### Given material
[Start of section]

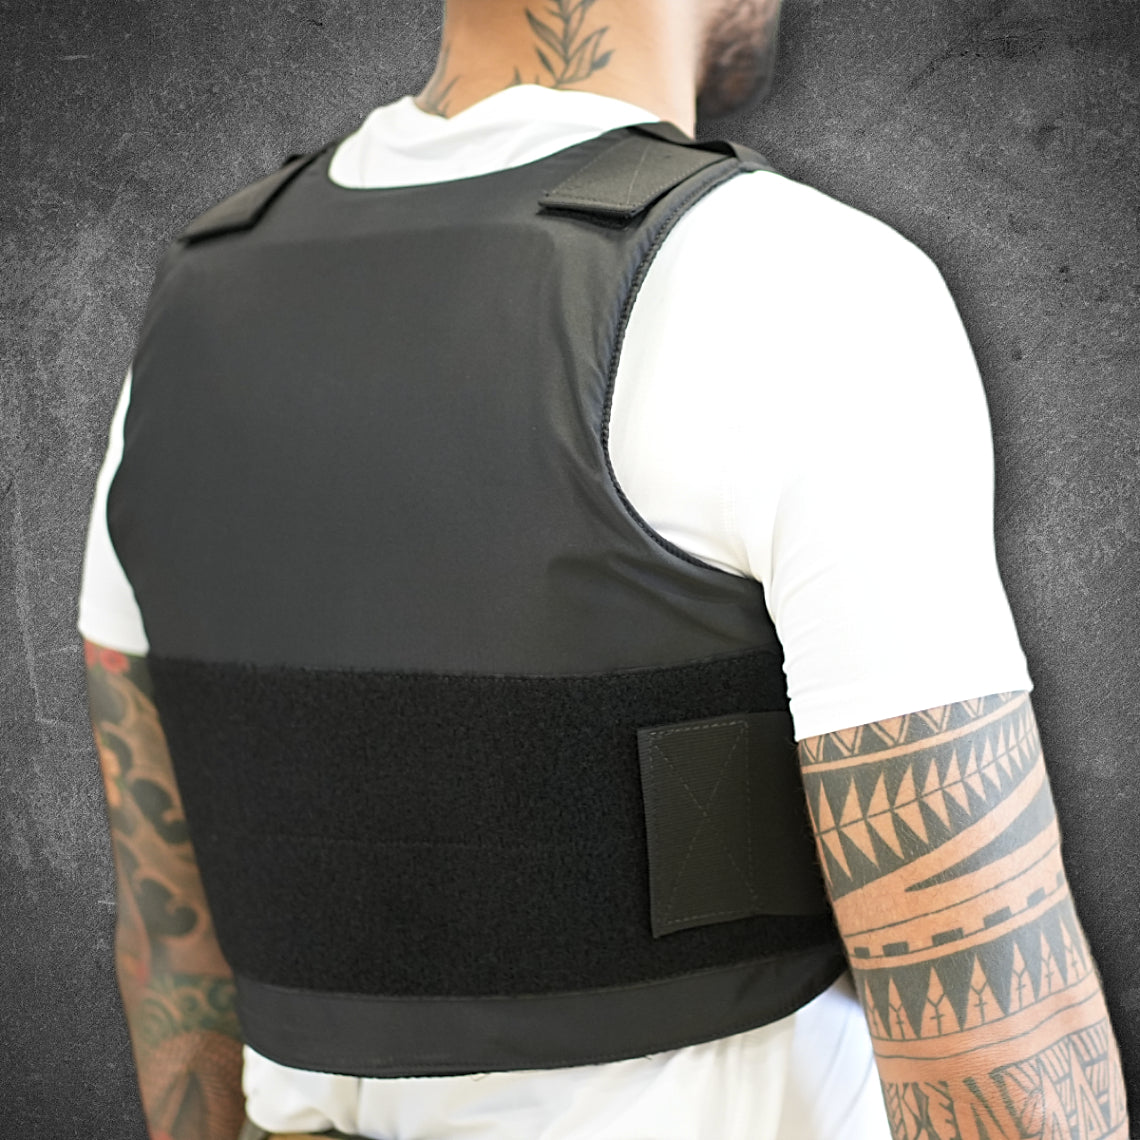 Bullet Proof Vests, Covert Body Armor
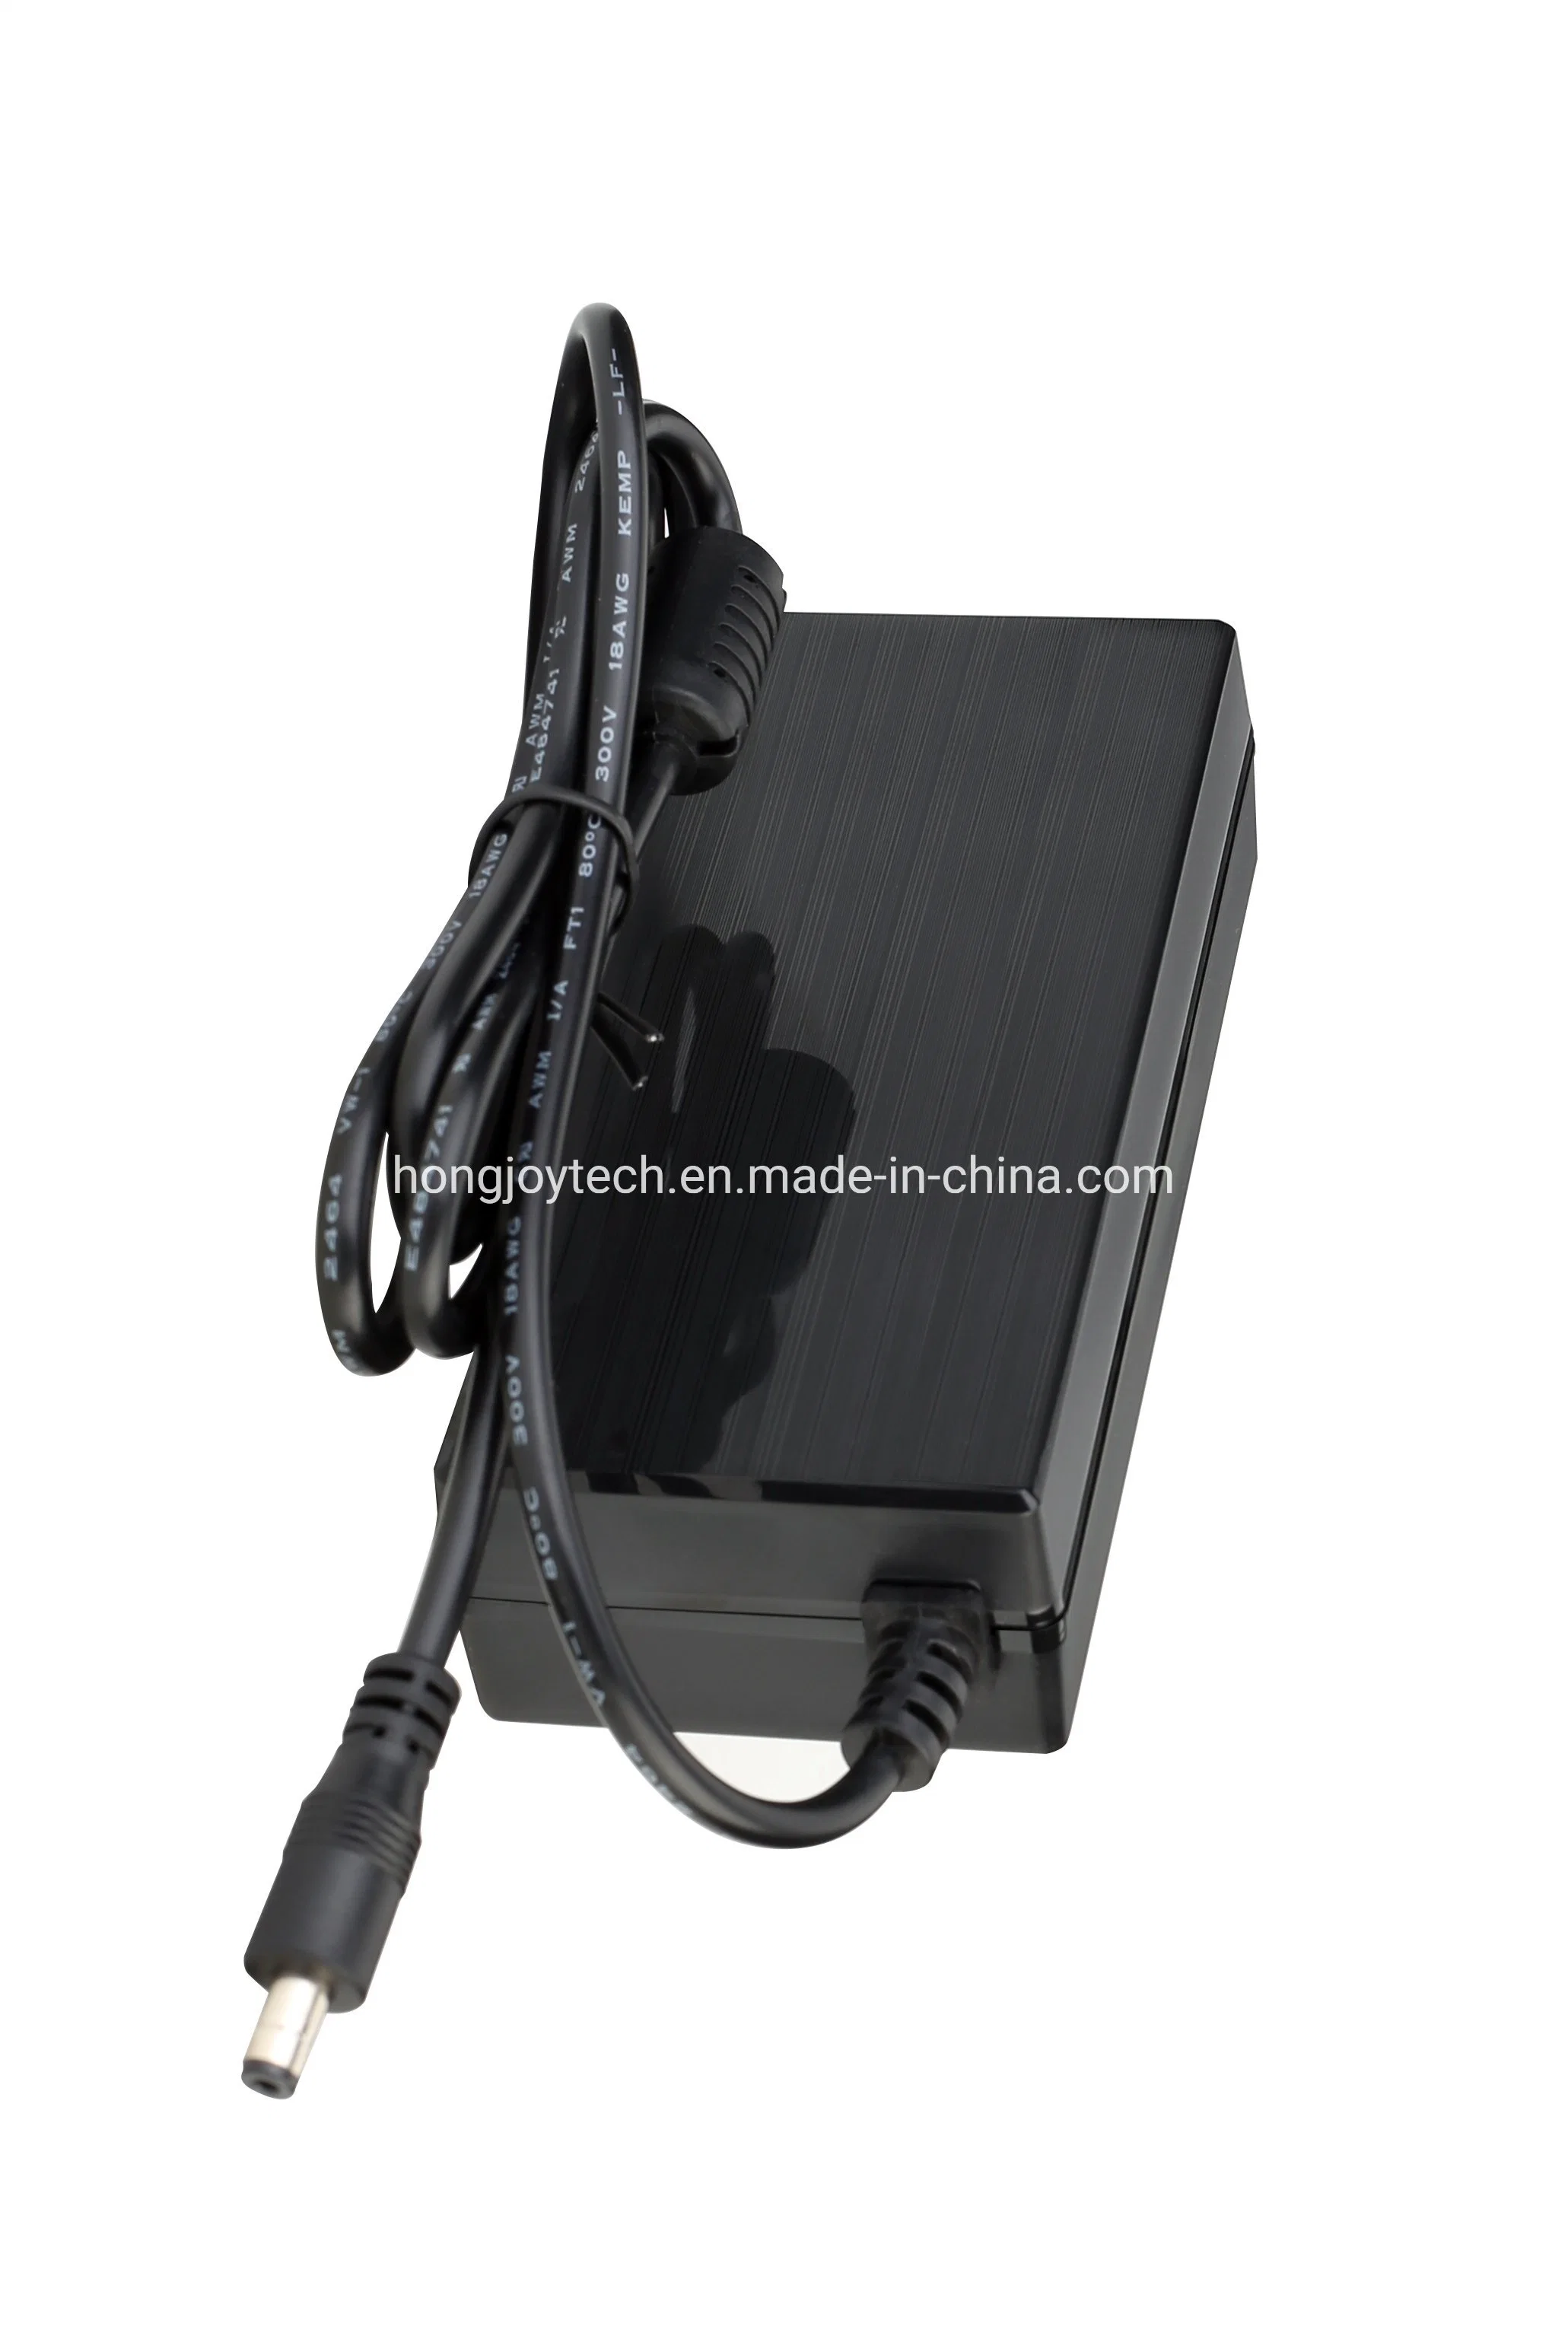 Us UK EU Ar Aus Power Plugs International Cert. FCC TUV GS SAA Kc C13 C14 Power Inlet Switching Power Supply Units 19V 9.47A Desktop Lithium-Ion Battery Charger
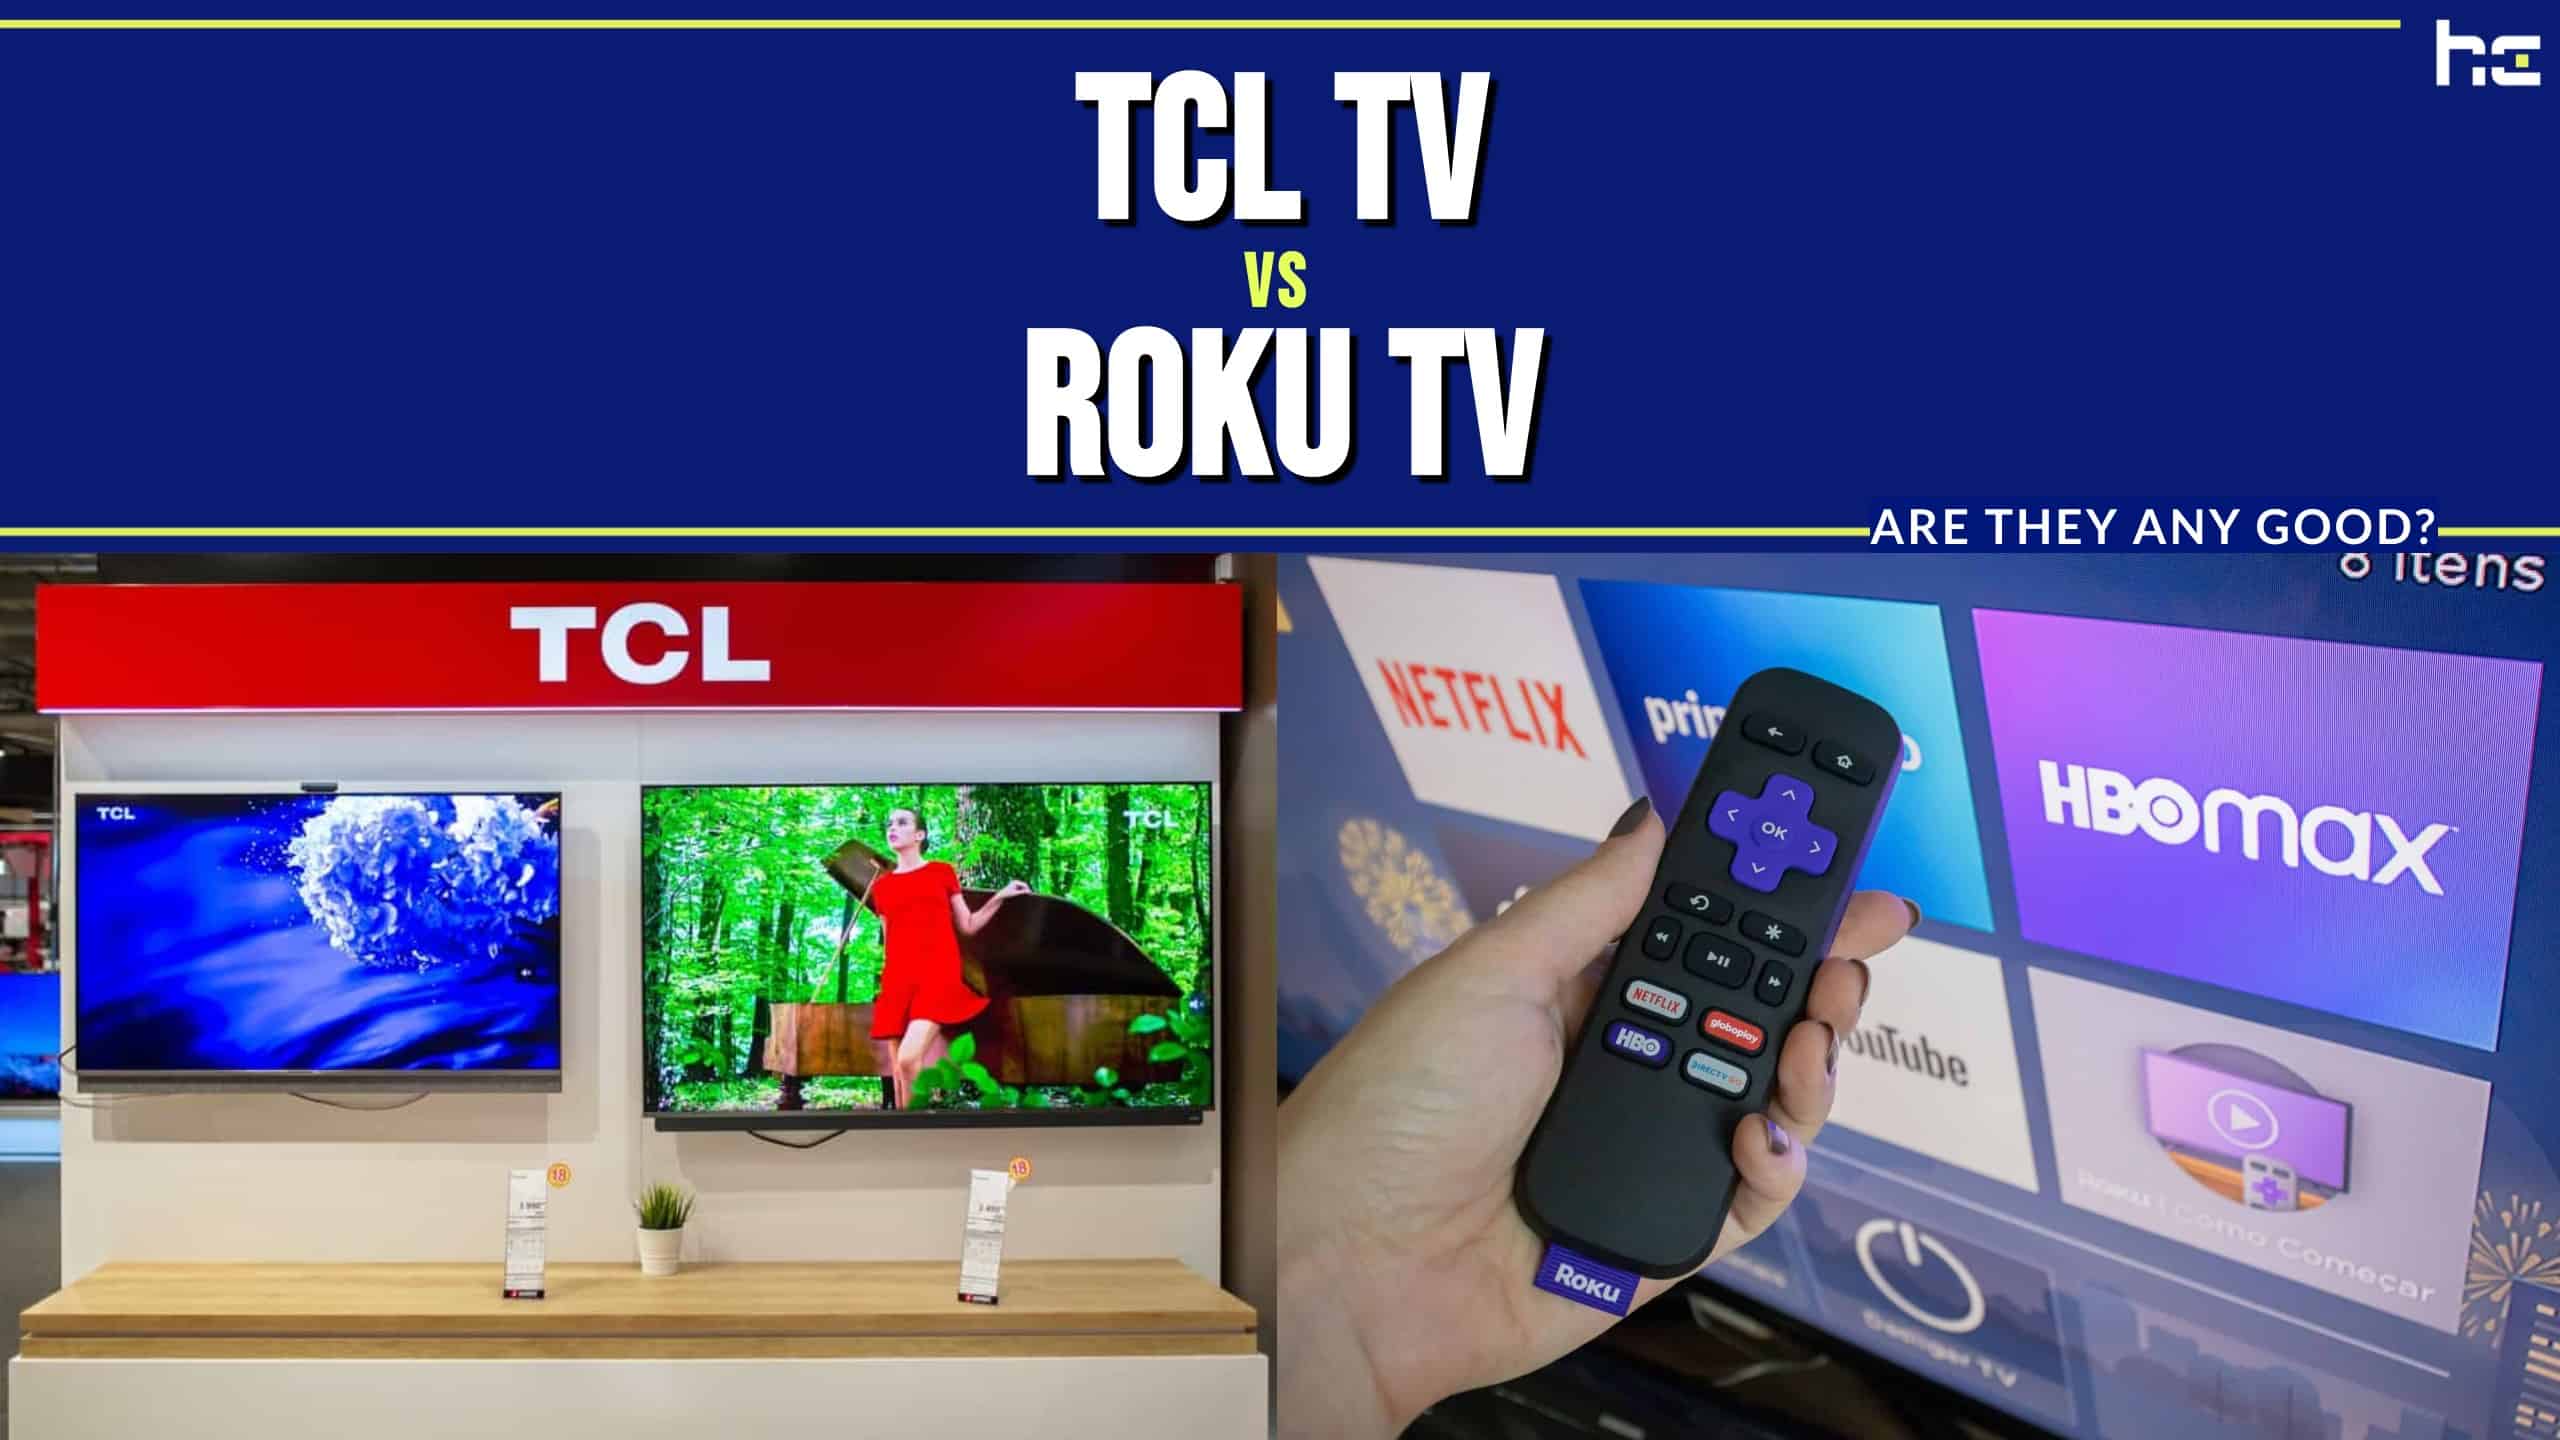 TCL TV vs Roku TV

[End of section]

### Problem details
Leaving out all pictures, retype exactly the lines that run from the one containing "Us UK EU Ar" through the last line of the material.

### Result below
 Us UK EU Ar Aus Power Plugs International Cert. FCC TUV GS SAA Kc C13 C14 Power Inlet Switching Power Supply Units 19V 9.47A Desktop Lithium-Ion Battery Charger
 TCL TV vs Roku TV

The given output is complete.